◆ Task description: Repeat, please, only the lines from the top of the data down to the line with "inuit baskets for sale"; include both of those lines.

◆ Information provided:
+ + +
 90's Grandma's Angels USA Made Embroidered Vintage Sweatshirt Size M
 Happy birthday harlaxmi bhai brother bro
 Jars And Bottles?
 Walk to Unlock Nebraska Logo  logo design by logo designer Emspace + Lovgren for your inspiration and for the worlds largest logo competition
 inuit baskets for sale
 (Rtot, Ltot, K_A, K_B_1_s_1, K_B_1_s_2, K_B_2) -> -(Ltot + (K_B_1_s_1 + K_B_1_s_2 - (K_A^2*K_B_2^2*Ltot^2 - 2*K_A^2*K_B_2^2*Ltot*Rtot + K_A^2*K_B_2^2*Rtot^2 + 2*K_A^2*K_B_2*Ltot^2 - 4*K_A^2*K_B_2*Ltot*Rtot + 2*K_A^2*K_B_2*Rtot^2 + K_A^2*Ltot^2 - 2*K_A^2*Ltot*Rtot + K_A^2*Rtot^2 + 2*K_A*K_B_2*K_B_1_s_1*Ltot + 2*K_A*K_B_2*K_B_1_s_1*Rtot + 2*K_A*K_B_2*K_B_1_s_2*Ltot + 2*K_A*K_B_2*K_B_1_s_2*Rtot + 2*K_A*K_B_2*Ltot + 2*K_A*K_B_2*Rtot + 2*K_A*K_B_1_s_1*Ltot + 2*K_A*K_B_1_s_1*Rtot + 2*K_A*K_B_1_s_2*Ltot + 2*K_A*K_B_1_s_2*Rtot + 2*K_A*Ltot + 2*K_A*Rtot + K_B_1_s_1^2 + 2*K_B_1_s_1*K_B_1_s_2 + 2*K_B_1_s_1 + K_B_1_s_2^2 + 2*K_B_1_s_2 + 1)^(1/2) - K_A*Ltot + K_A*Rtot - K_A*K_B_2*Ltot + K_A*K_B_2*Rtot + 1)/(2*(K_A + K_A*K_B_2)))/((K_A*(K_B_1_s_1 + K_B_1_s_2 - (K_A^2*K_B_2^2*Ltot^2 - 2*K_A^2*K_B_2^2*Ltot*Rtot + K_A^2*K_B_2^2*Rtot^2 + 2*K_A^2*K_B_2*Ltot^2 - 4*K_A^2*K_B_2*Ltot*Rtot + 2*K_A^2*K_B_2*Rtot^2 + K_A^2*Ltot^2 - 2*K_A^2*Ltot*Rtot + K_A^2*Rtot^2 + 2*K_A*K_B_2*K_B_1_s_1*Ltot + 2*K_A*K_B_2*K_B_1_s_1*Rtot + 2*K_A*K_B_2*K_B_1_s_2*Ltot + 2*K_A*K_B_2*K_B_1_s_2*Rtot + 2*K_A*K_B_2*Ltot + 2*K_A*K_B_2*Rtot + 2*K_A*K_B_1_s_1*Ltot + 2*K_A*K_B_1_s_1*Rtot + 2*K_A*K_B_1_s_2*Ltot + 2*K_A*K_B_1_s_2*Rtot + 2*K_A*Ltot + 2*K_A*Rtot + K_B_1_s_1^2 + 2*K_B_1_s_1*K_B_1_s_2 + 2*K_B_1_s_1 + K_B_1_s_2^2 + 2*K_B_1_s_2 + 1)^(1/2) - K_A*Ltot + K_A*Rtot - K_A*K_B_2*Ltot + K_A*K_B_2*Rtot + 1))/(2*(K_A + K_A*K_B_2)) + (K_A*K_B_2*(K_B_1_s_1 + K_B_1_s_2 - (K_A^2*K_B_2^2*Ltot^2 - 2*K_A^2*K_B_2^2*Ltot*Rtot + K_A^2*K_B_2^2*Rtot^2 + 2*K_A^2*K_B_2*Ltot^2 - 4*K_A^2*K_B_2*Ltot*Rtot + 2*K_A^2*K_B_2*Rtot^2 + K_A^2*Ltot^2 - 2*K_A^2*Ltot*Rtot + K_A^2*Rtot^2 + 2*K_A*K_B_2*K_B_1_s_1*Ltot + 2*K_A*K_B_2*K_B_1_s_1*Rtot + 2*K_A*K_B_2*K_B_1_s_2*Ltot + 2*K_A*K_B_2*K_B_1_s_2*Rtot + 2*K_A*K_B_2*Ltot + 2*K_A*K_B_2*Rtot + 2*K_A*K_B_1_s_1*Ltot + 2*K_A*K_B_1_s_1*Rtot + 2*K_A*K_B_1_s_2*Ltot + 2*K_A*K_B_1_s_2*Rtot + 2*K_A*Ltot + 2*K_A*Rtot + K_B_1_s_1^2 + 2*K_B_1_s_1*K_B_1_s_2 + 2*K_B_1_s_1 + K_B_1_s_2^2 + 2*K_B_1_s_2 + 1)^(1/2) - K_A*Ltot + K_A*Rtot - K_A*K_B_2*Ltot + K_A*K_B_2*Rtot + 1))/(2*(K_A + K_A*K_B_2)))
+ + +
◆ Problem solution:
 90's Grandma's Angels USA Made Embroidered Vintage Sweatshirt Size M
 Happy birthday harlaxmi bhai brother bro
 Jars And Bottles?
 Walk to Unlock Nebraska Logo  logo design by logo designer Emspace + Lovgren for your inspiration and for the worlds largest logo competition
 inuit baskets for sale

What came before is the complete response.